In June 1988, Soyuz TM-4 landed the three-man crew of Mir EP-2, after their 9-day stay on the station; that crew included the second Bulgarian astronaut Aleksandr Panayotov Aleksandrov.

| Position | Launching crew | Landing crew |
|---|---|---|
| Commander | Vladimir Titov Mir EO-3 Second spaceflight | Anatoly Solovyev Mir EP-2 First spaceflight |
| Flight engineer | Musa Manarov Mir EO-3 First spaceflight | Viktor Savinykh Mir EP-2 Third and last spaceflight |
| Research cosmonaut | Anatoli Levchenko Mir LII-1 Only spaceflight | Aleksandr Aleksandrov, Bulgaria Mir EP-2 Only spaceflight |

=== Backup crew ===

| Position | Crew |  |
|---|---|---|
| Commander | Aleksandr Volkov |  |
| Flight engineer | Aleksandr Kaleri |  |
| Research cosmonaut | Aleksandr Shchukin |  |

==Mission parameters==
- Mass: 7070 kg
- Perigee: 337 km
- Apogee: 357 km
- Inclination: 51.6°
- Period: 91.5 minutes

==Mission highlights==
Fourth crewed spaceflight to Mir. Manarov and Titov (known by their callsign as the "Okeans") replaced Romanenko and Alexandrov. Anatoli Levchenko was a cosmonaut in the Buran shuttle program. Levchenko returned with Romanenko and Alexandrov in Soyuz TM-3.
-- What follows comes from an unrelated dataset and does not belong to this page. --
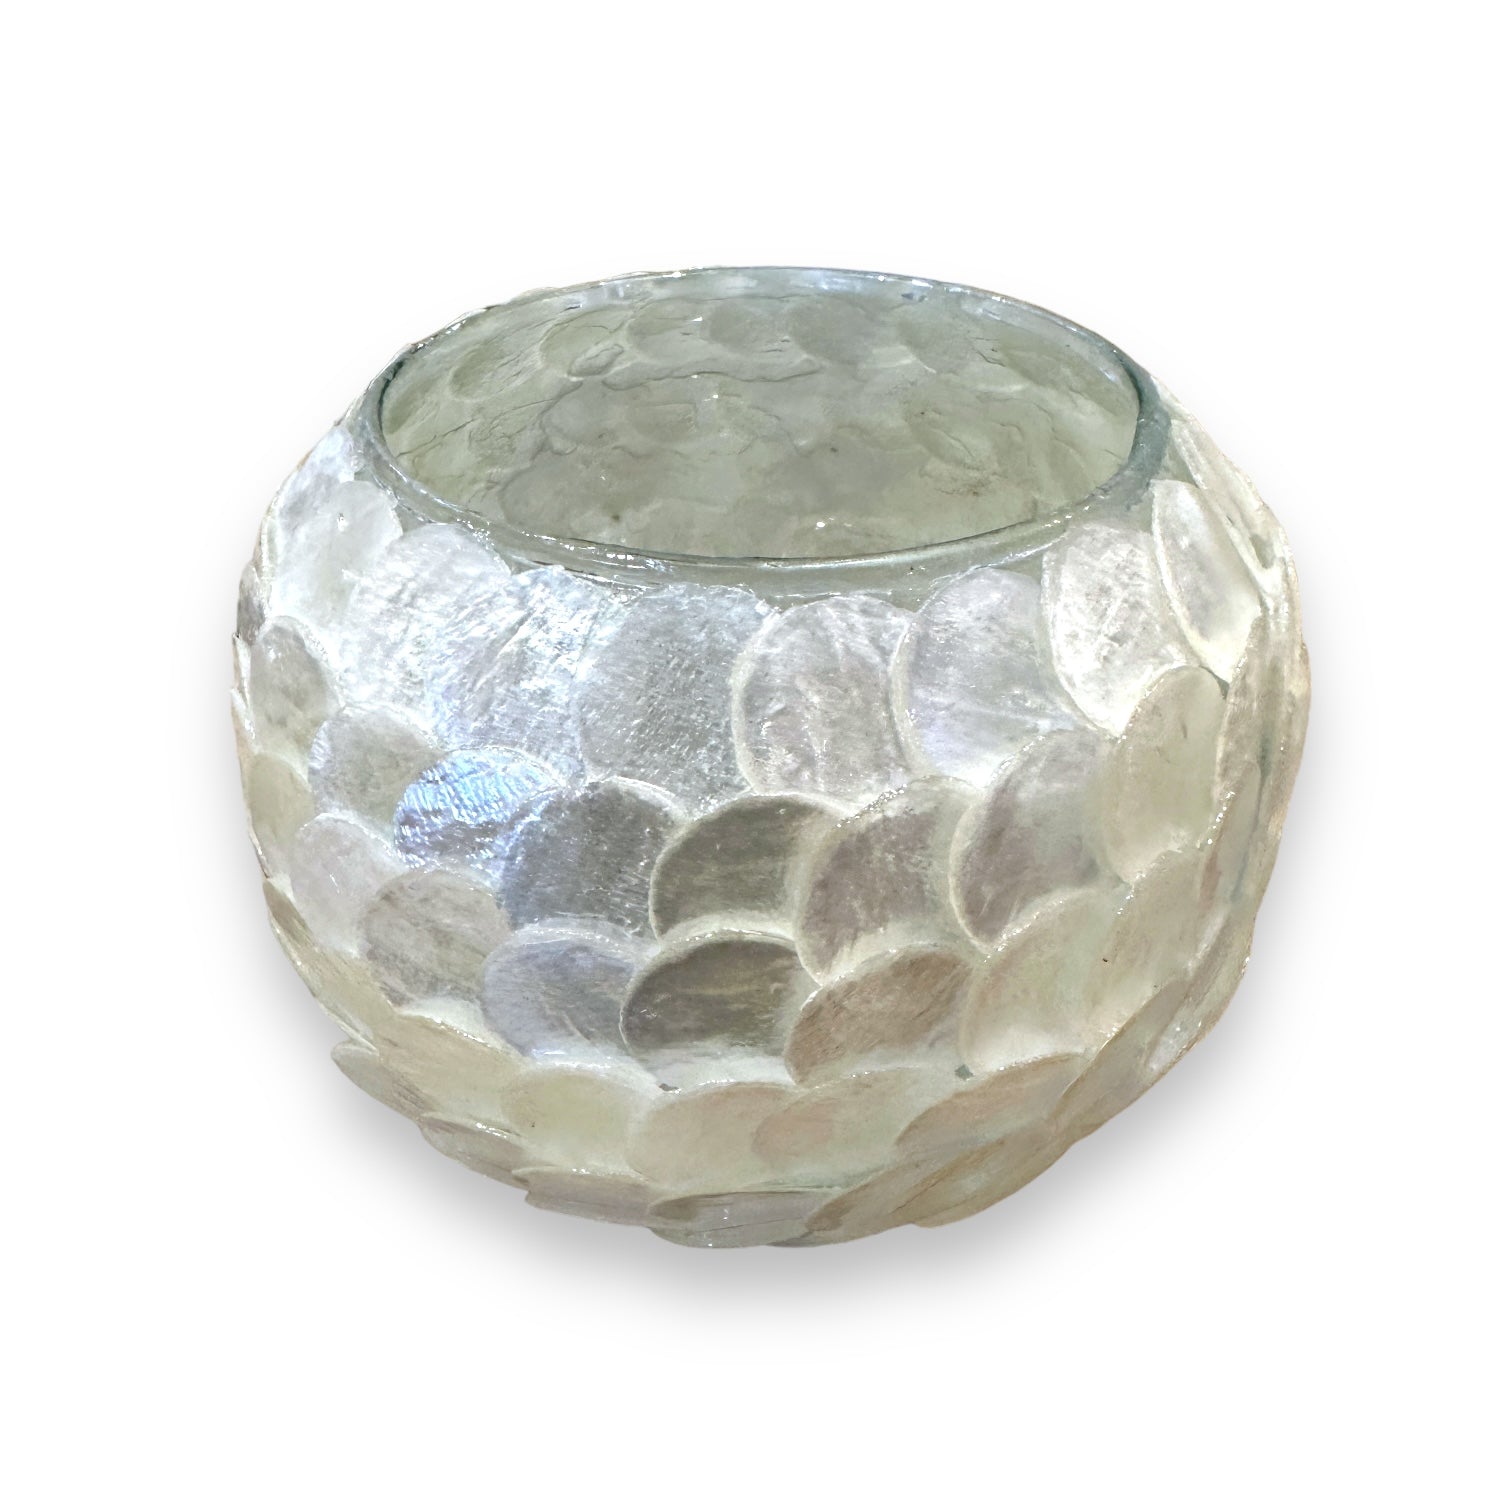 Round Capiz Disc Candleholder - Pearl - 4-1/2-in - Mellow Monkey

Before departing Mir, Romanenko and Alexandrov demonstrated use of EVA equipment to the Okeans. The Okeans delivered biological experiments, including the Aynur biological crystal growth apparatus, which they installed in Kvant-1. The combined crews conducted an evacuation drill, with the Mir computer simulating an emergency.
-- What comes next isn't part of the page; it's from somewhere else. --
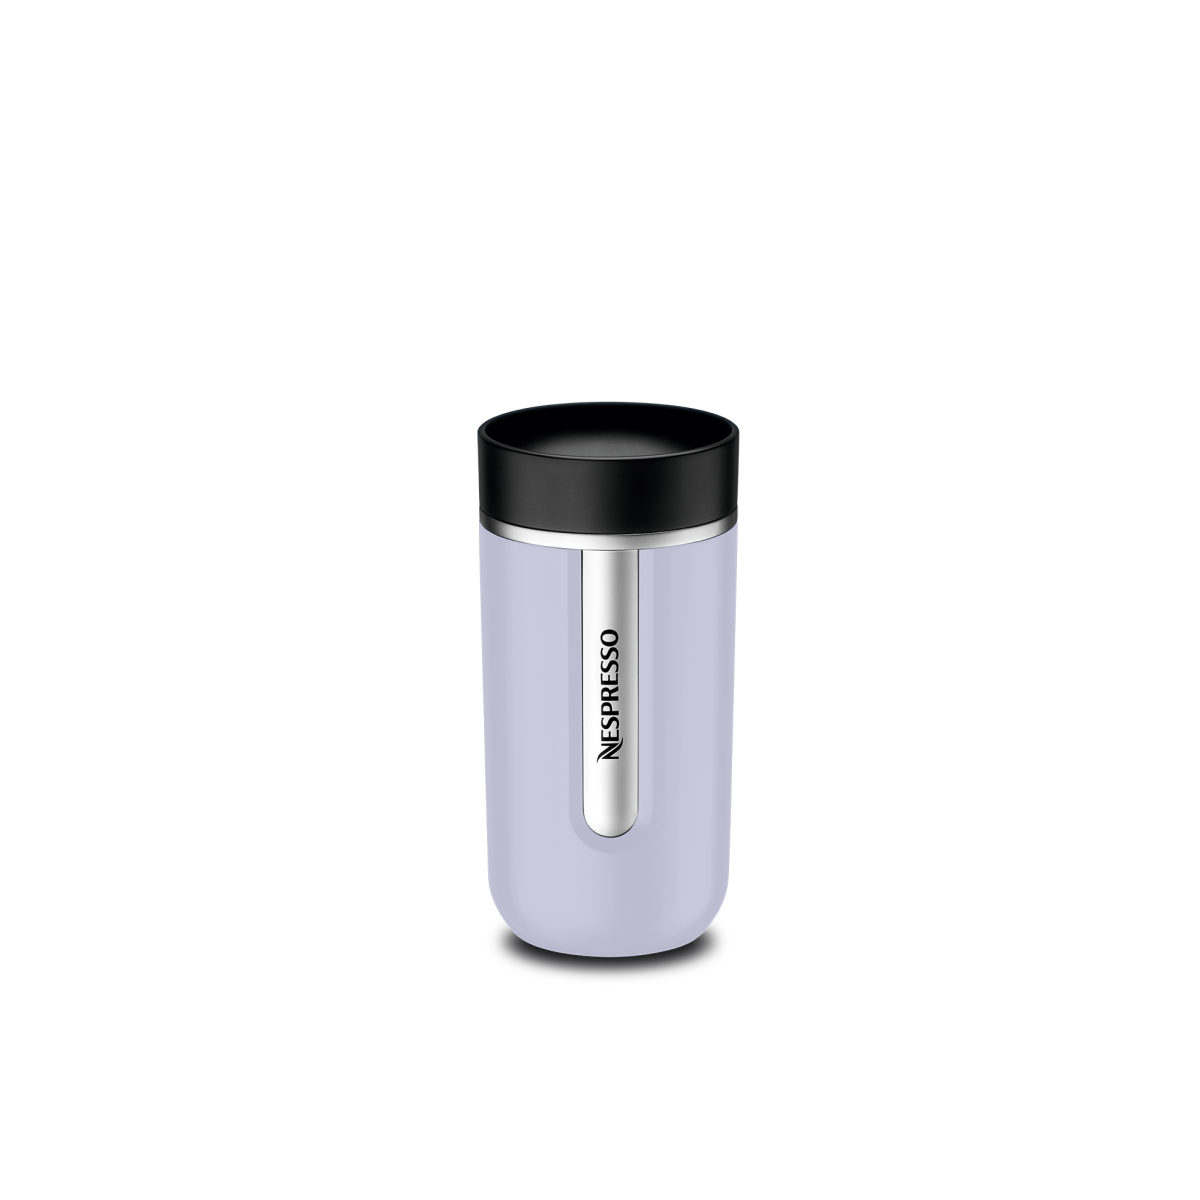 https://www.nespresso.com/shared_res/agility/global/accessories/collection/sku-main-info-product/nomad-travel-mug-lavender_2x.png

Titov and Manarov conducted part of an ongoing survey of galaxies and star groups in the ultraviolet part of the spectrum using the Glazar telescope on Kvant. The survey required photography with exposure times up to 8 min. Even small cosmonaut movements could shake the complex. This produced blurring of astronomical images, so all cosmonaut movements had to be stopped during the exposures.